### WHAT TO WORK ON
Please output the lines from the one with "Photo by user" through the end of the data exactly as written, omitting all pictures.

### INFORMATION SUPPLIED
• • • • • • •

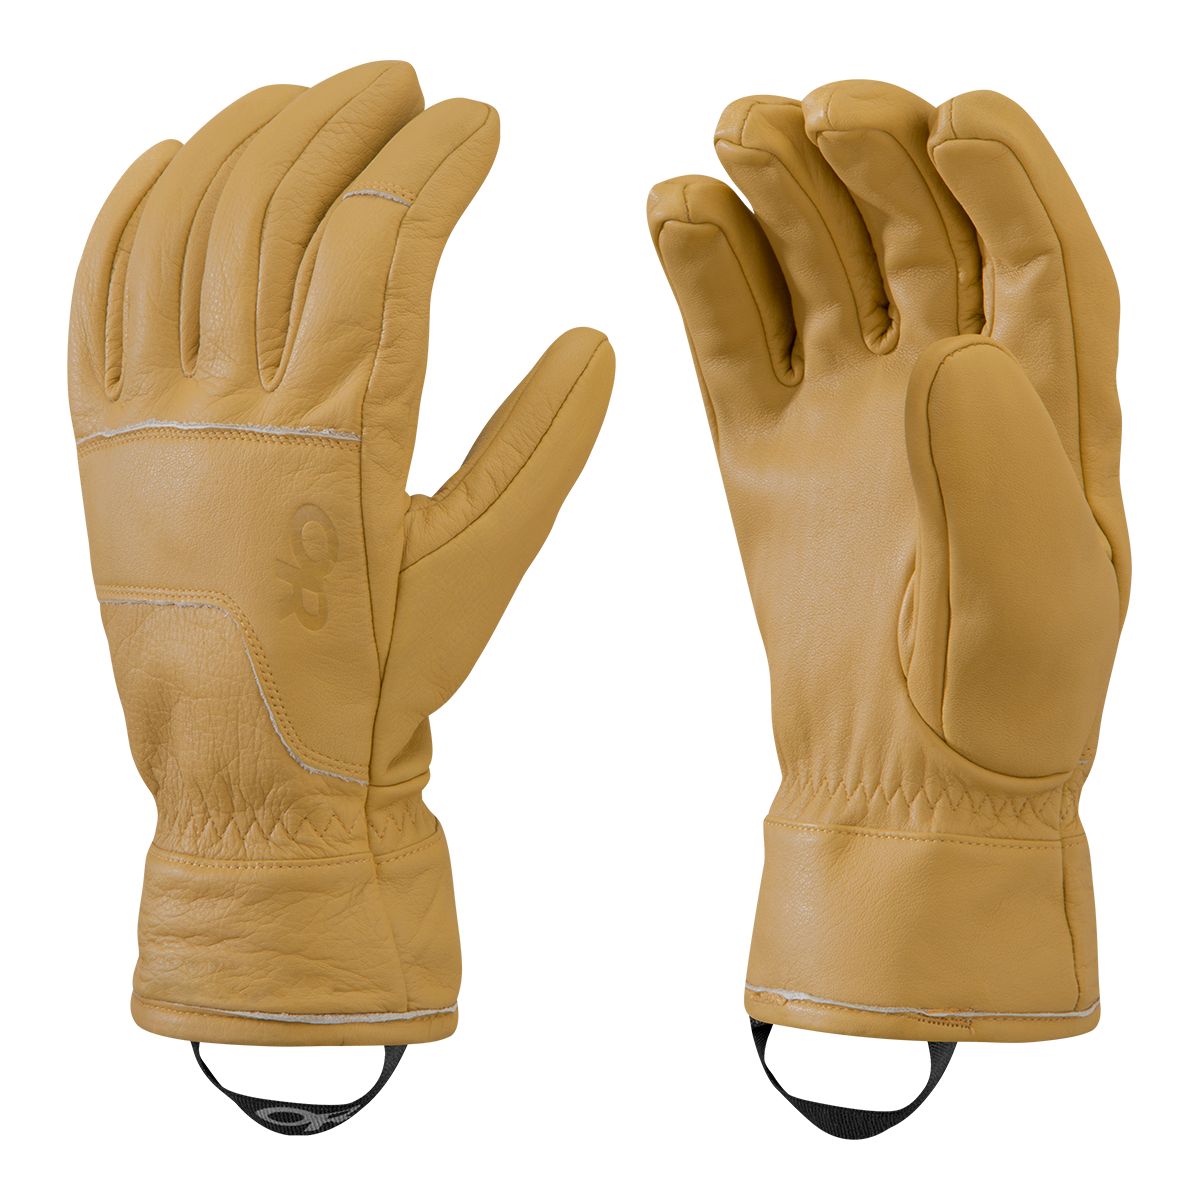 Image of Outdoor Research Men's Arkell Work Winter Gloves
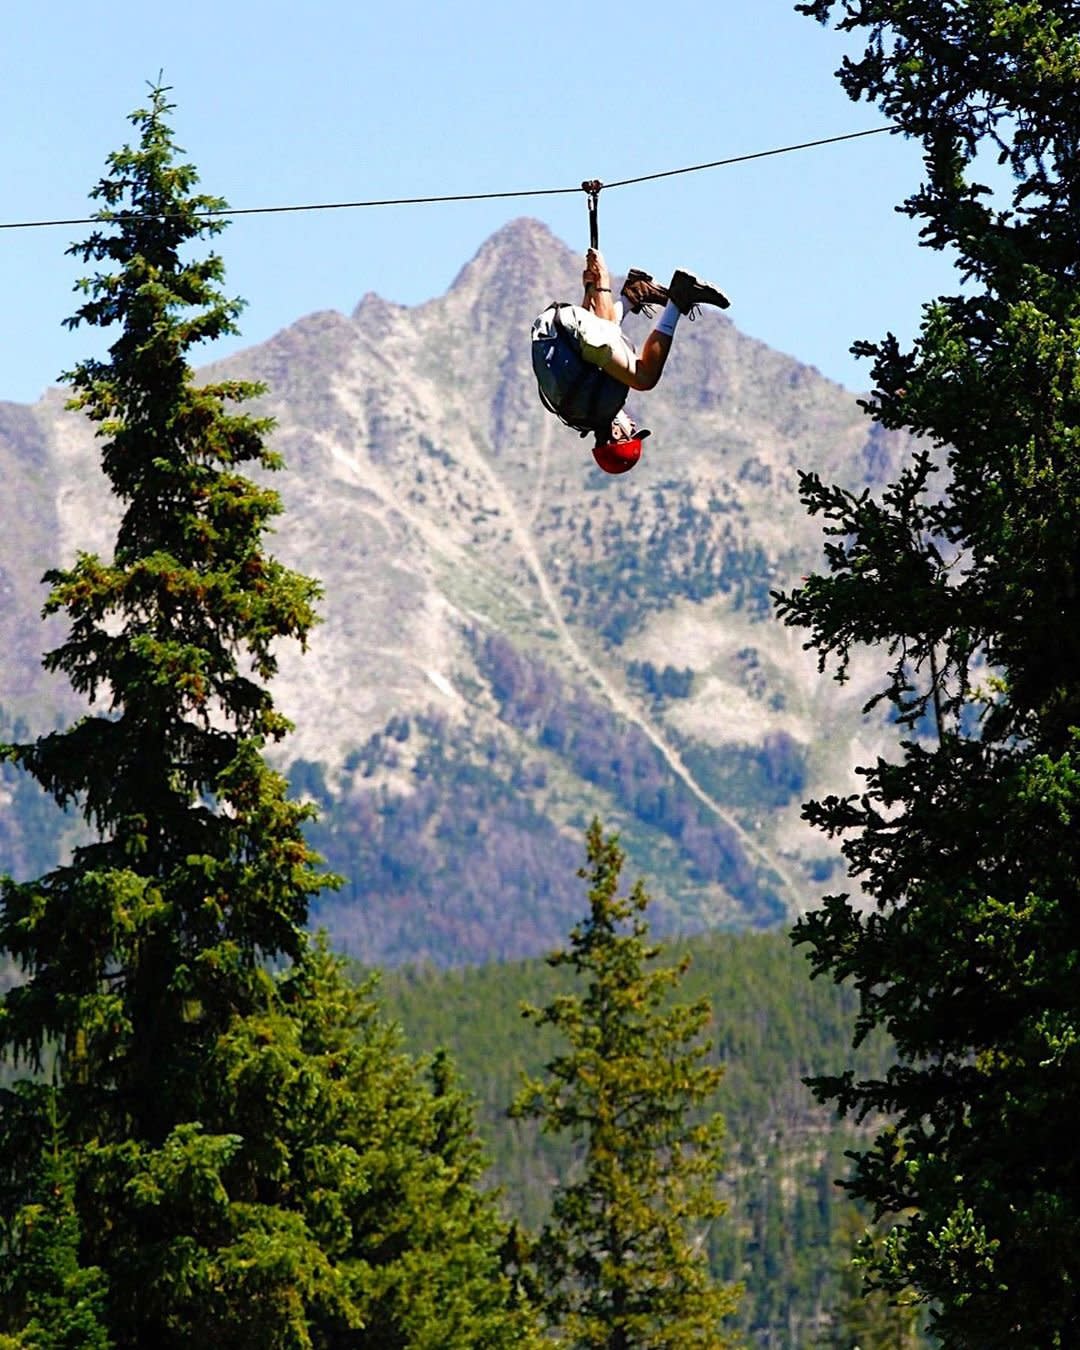 Photo by user whyitsmesky, caption reads Spider-Man tryouts 
#bigskymontana #tbt #zipline #bigskyresort #nature #outdoors

• • • • • • •

### SOLUTION
 Photo by user whyitsmesky, caption reads Spider-Man tryouts 
#bigskymontana #tbt #zipline #bigskyresort #nature #outdoors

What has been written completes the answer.